▶ _What is needed_
Without any images, write the data out exactly as it appears.
[Opening Data below section]
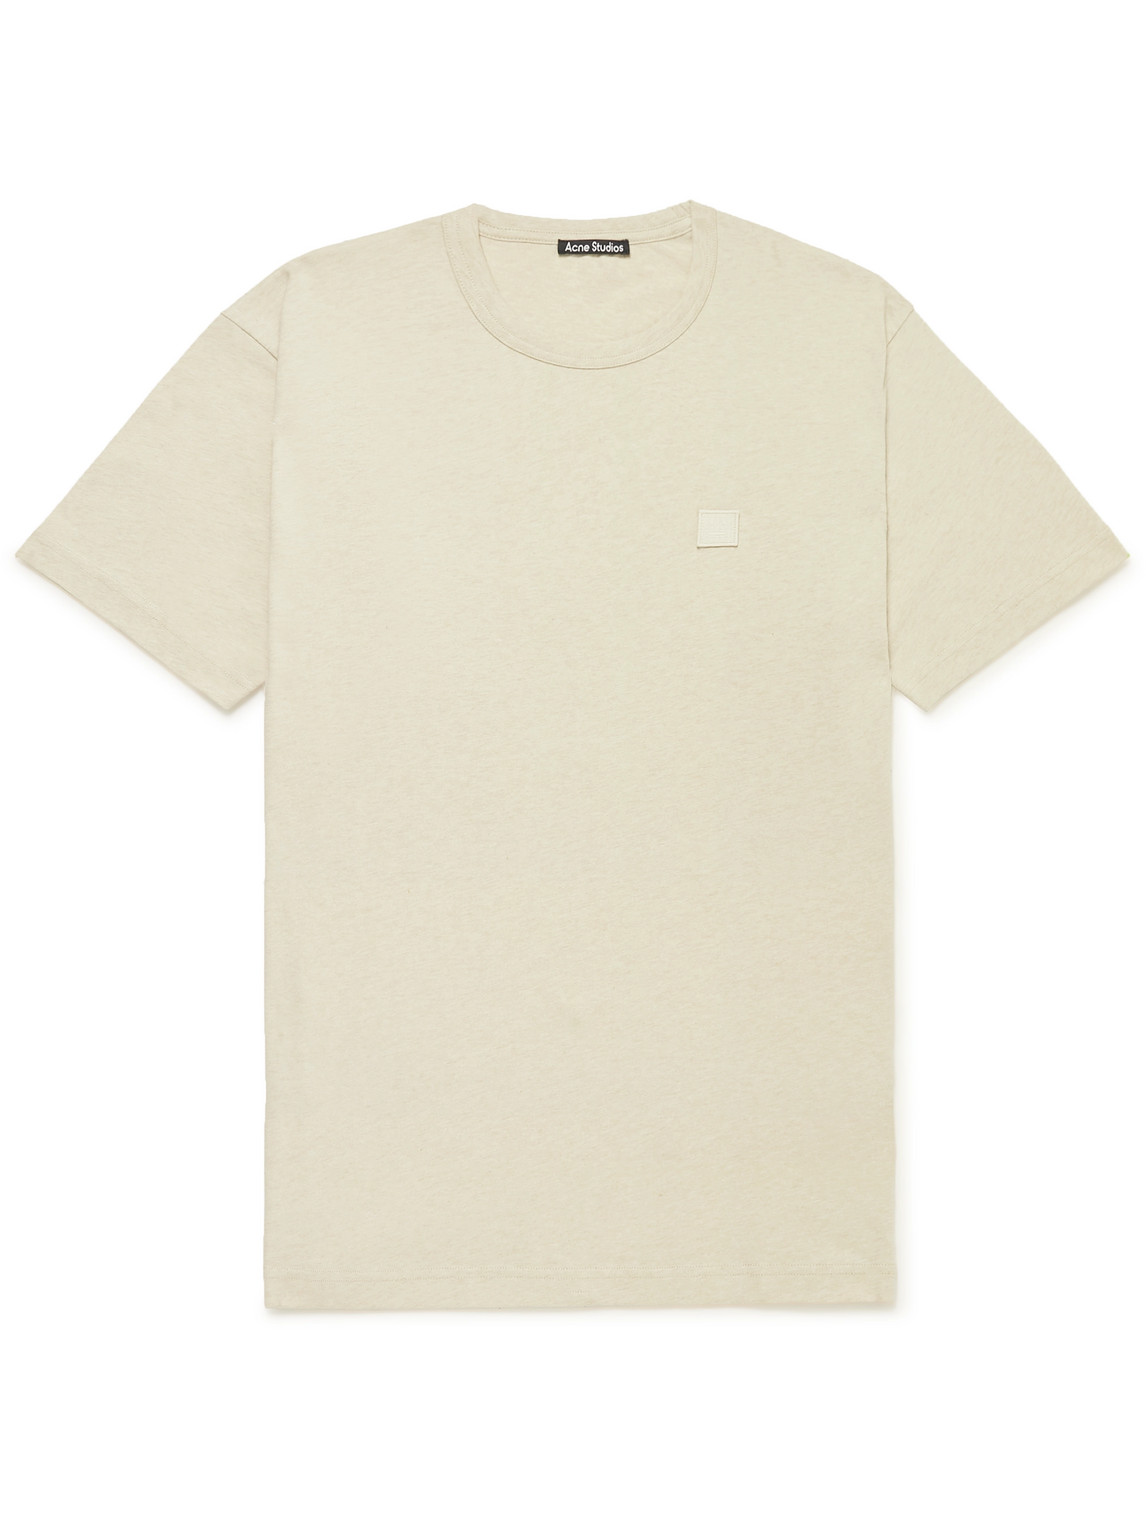 Acne Studios Nash Logo-Appliquéd Cotton-Jersey T-Shirt
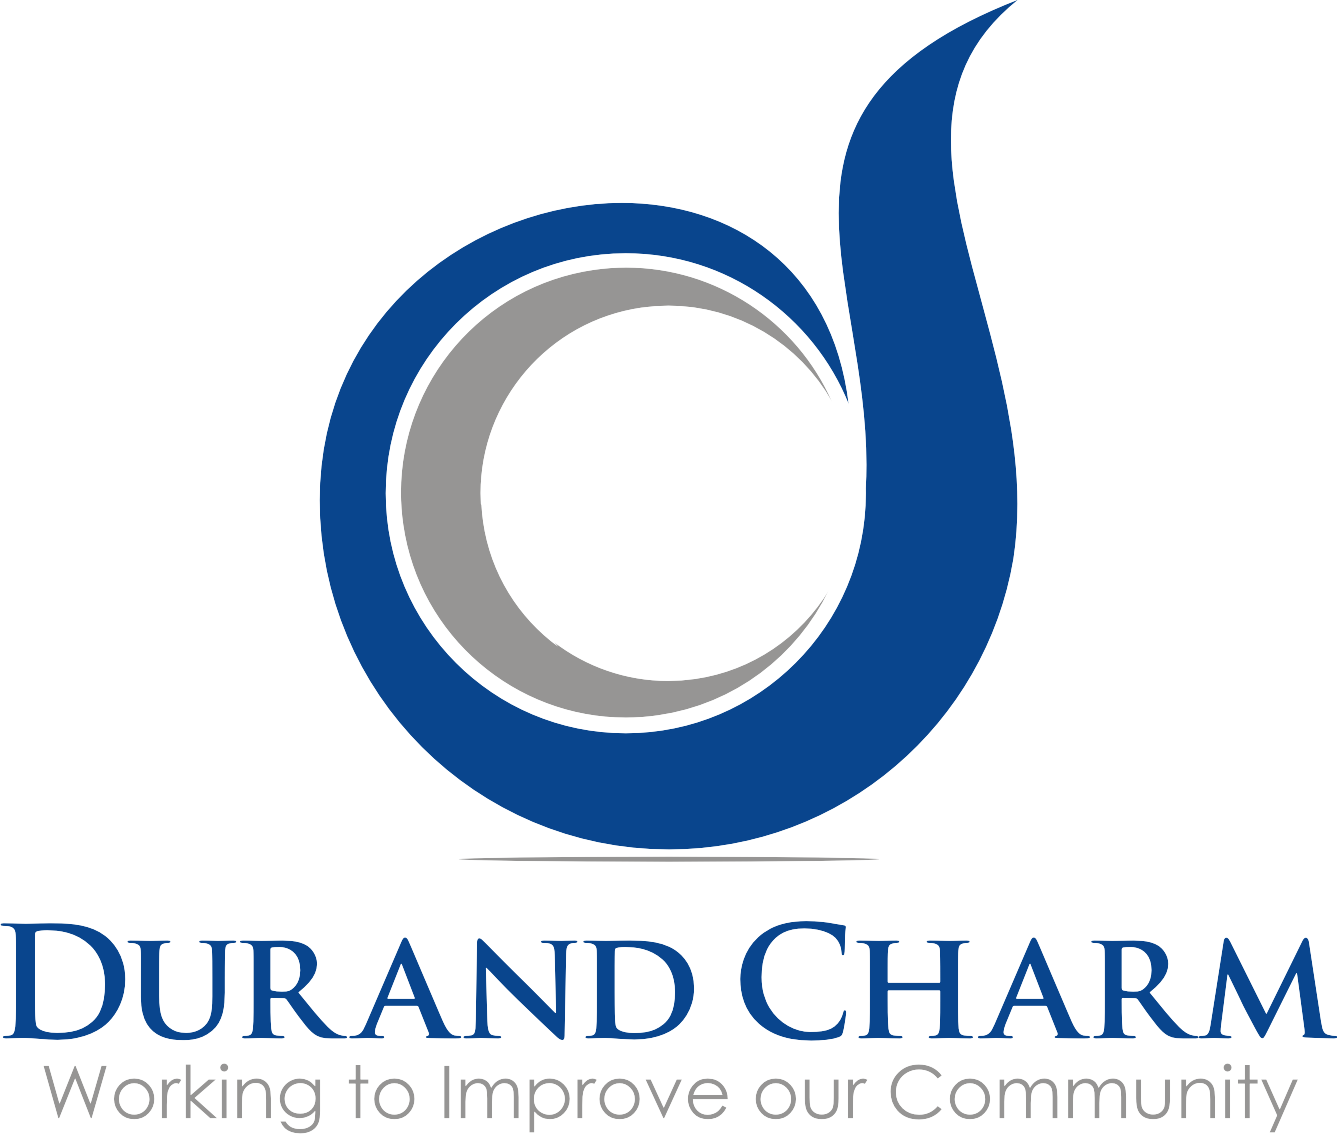 Durand Charm
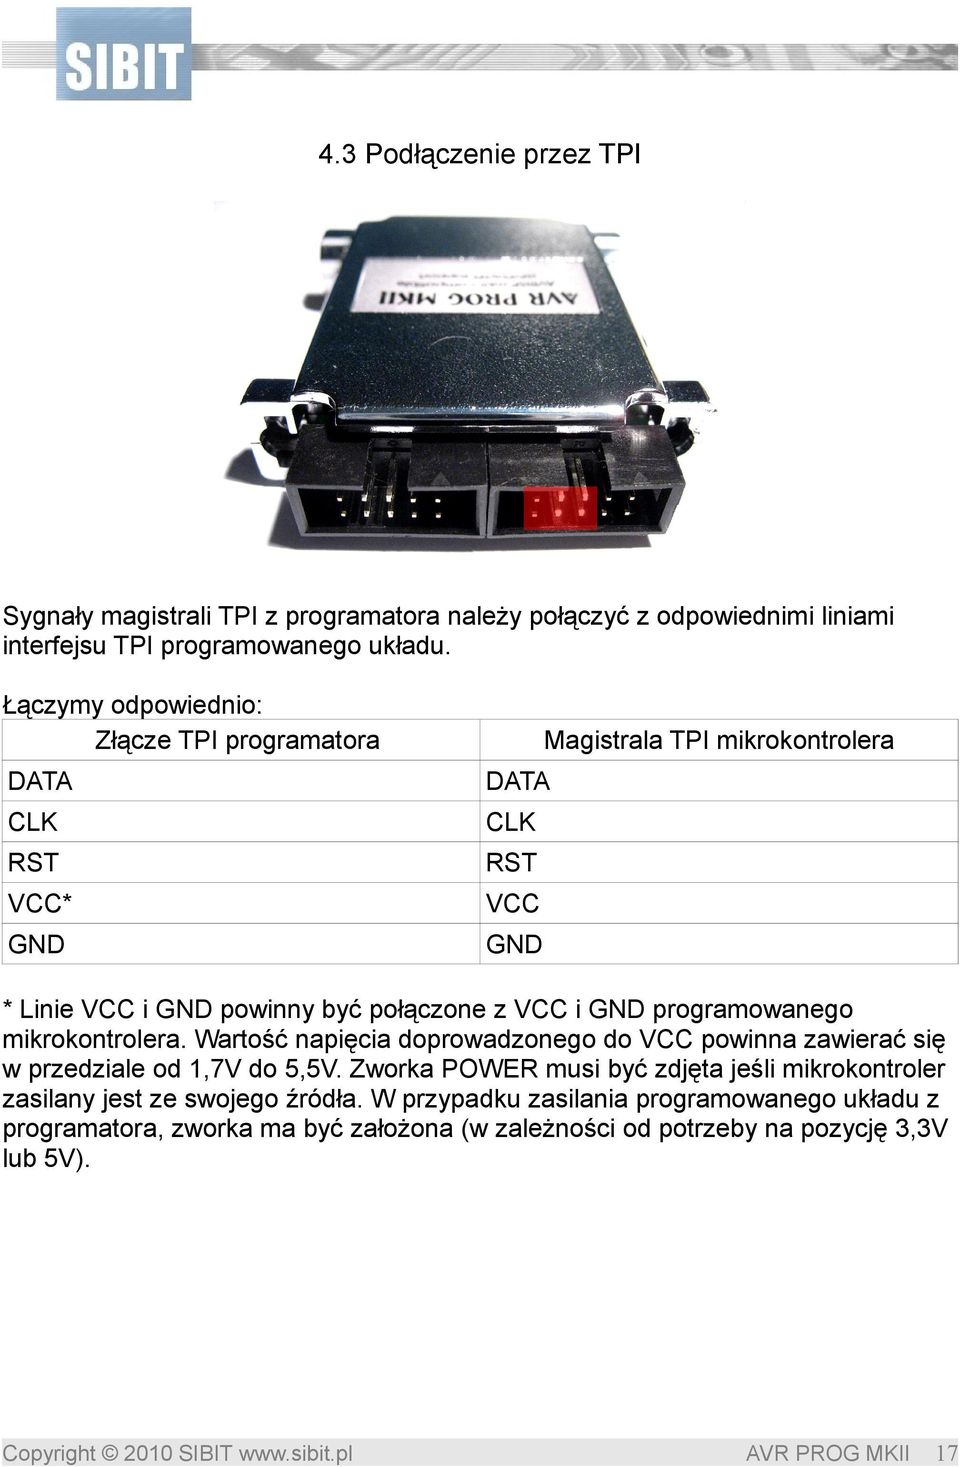 VCC i GND programowanego mikrokontrolera. Wartość napięcia doprowadzonego do VCC powinna zawierać się w przedziale od 1,7V do 5,5V.
[Closing Data below section]
▶ _Written solution_
 Acne Studios Nash Logo-Appliquéd Cotton-Jersey T-Shirt
 Durand Charm
 VCC i GND programowanego mikrokontrolera. Wartość napięcia doprowadzonego do VCC powinna zawierać się w przedziale od 1,7V do 5,5V.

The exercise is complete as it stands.